In the second group of experiments, the convolution kernel size was set to 3 × 3, and the activation function was changed. The network training results of different activation functions are shown in Table 2.
Through the experimental results, it is easy to find that convolution neural network with ReLU activation function has better effect. Figure 4 shows the results retrieved from two datasets by the WTCPN method. The first and second rows represent the images in Holiday dataset, and the third and fourth rows represent the images in Oxford dataset. The word Query below each image represents a query image, while TP represents a related image and FP represents an error image.

4.3. Retrieval Performance of Art Datasets
Some highly similar artwork images were obtained from open source websites, with a total of more than 3,600 images, which were divided into six categories, with 600 images in each category. These six categories are national clothing (clothing), saddle (saddle), leather hip flask (pnjh), national craft ornaments (gongyi), high hat (gdm), and Ma Touqin (mtq). Divide into training dataset and verification dataset according to the ratio of 4 : 1. The convolution kernel size is 3 × 3, and the activation function is ReLU. The retrieval result of the WTCPN method on artwork image dataset is shown in Figure 5.

In order to show the advantages of WTCPN, WTCPN is compared with BP network and CNN network which are widely used. These three network models have basically the same topological structure and all adopt three-tier structure, thus ensuring that the three methods are under the same conditions and are comparable. When the error capacity during training is the same, the number of neurons in the input layer and the output layer of both networks is the same. Accuracy indicates the accuracy in the verification process, while loss indicates that the loss value in the verification process is obvious. Generally, the higher the accuracy value and the lower the loss value, the better the trained neural network is. Comparison of retrieval performance of three network models on artwork image dataset is shown in Figures 6 and 7, respectively.

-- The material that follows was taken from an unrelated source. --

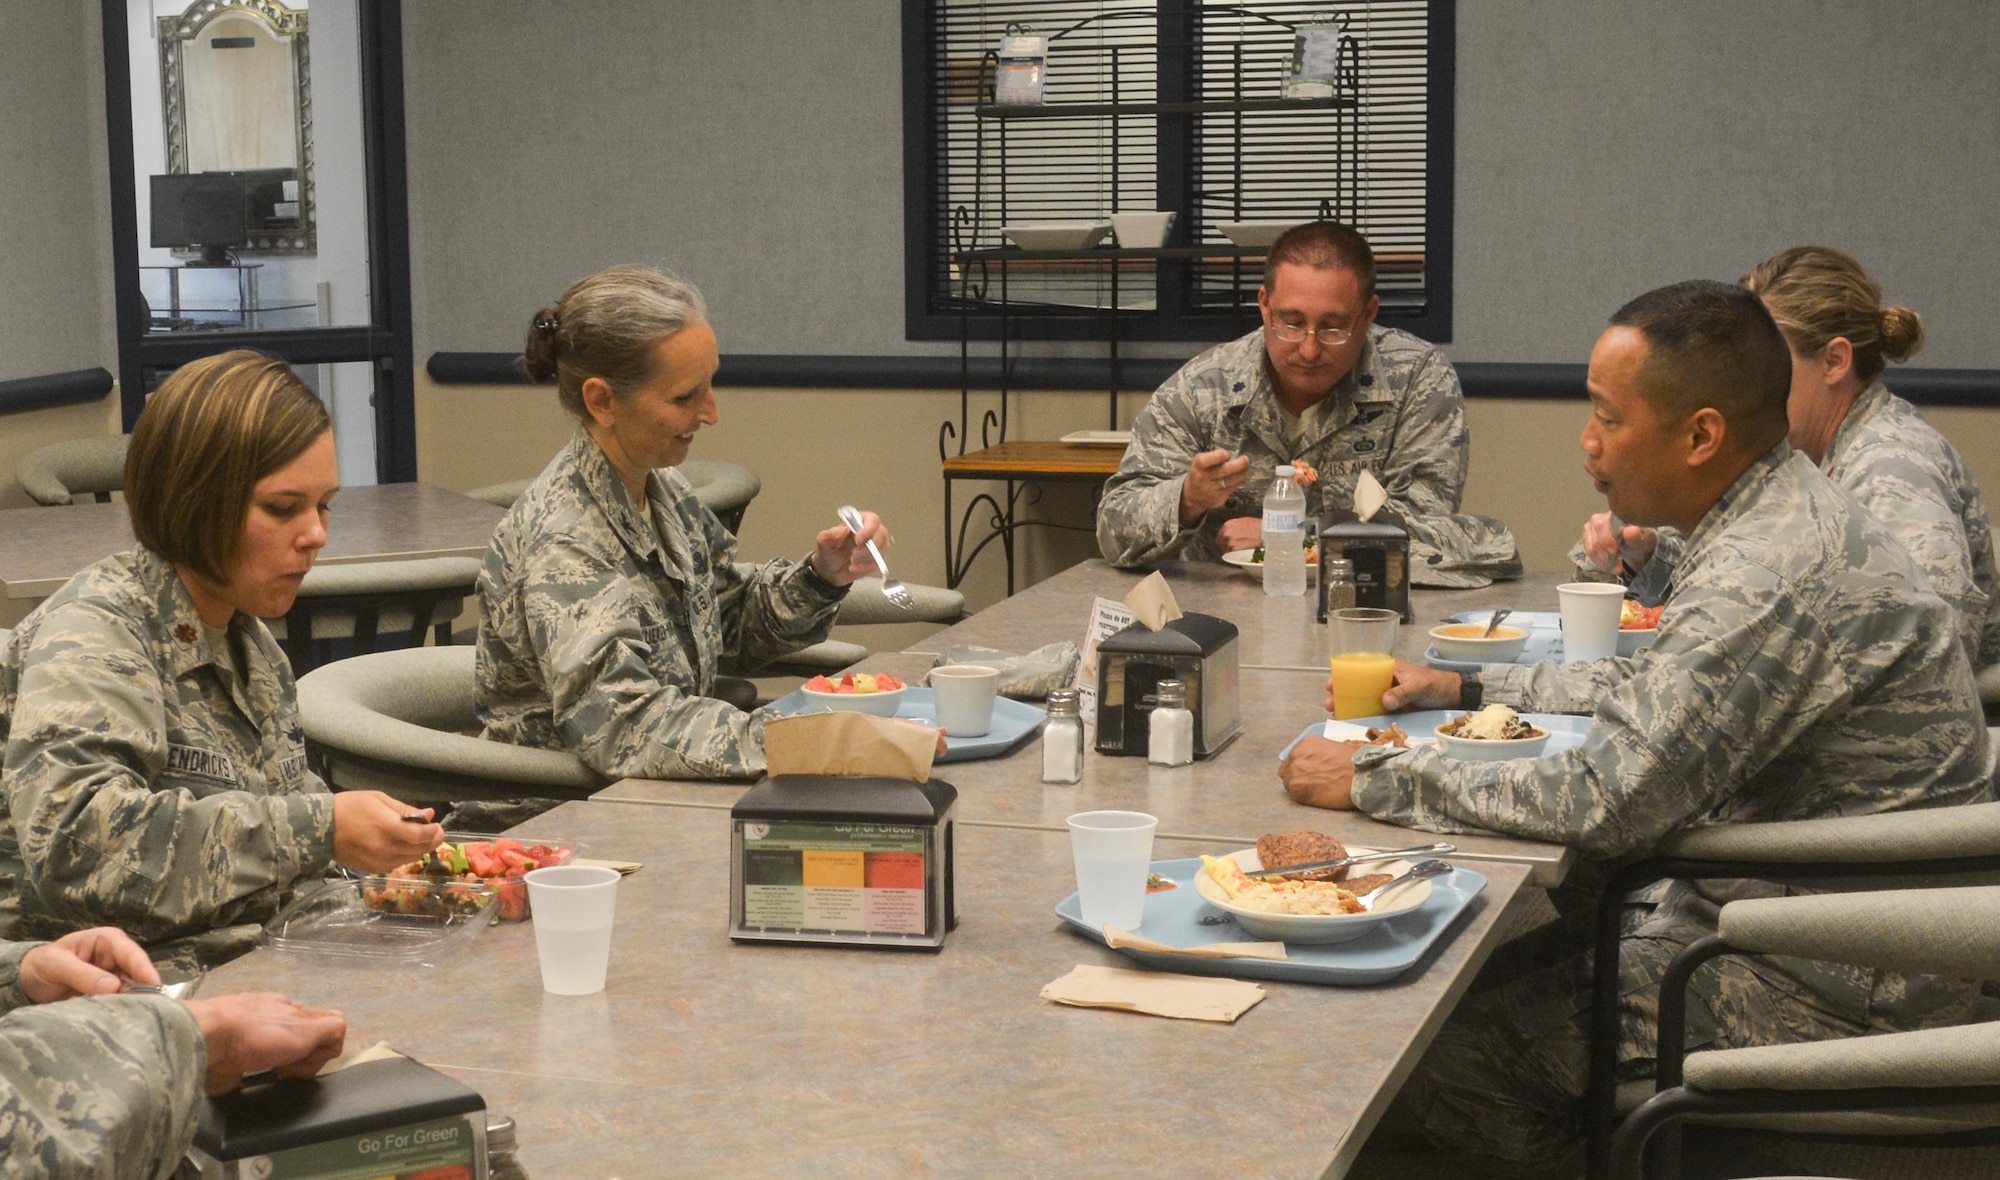 VANDENBERG AIR FORCE BASE, Cali. -- Col. Traci Kueker-Murphy, 310th Space Wing commander, visits with members of the 9th Combat Operations Squadron during an officers luncheon at the base dining facility on Sunday, July 9, 2017. Kueker-Murphy and Command Chief Master Sgt. Todd Scott visited 9 COS to get better insight of this geographically separated unit during the July Unit Training Assembly. (U.S. Air Force photo/Senior Airman Laura Turner)

It can be seen from Figure 6 that the accuracy value of WTCPN is higher than that of BP network and CNN network, which is 91.83%. It can be seen from Figure 7 that the loss value of WTCPN is the lowest among the three network models, which is about 0.2. Therefore, it is obvious that the training results of BP network and CNN network are not as good as those of WTCPN, which means that WTCPN can get the best retrieval accuracy.
5. Conclusion
In this paper, an intelligent retrieval method of artwork image based on wavelet transform and dual propagation neural network (WTCPN) is proposed. By combining the main features of wavelet transform and CPN, the retrieval recognition rate is high. Test results on Oxford and Holiday datasets show that the optimal convolution kernel size of the WTCPN method is 3 × 3, and the optimal activation function is ReLU. Test results on art datasets show that the WTCPN method has the best retrieval accuracy compared with BP network and CNN network, with an accuracy of 91.83% and a loss value of about 0.2. In the future, aiming at the image retrieval in concurrent environment, based on the WTCPN method, we can increase message queue (MQ), MapReduce, and cache strategy, to improve the access and computing ability in concurrent environment and further improve the art image retrieval system.
Data Availability
The datasets used in the findings of the study are available from the corresponding author upon request.
Conflicts of Interest
The authors declare that they have no conflicts of interest.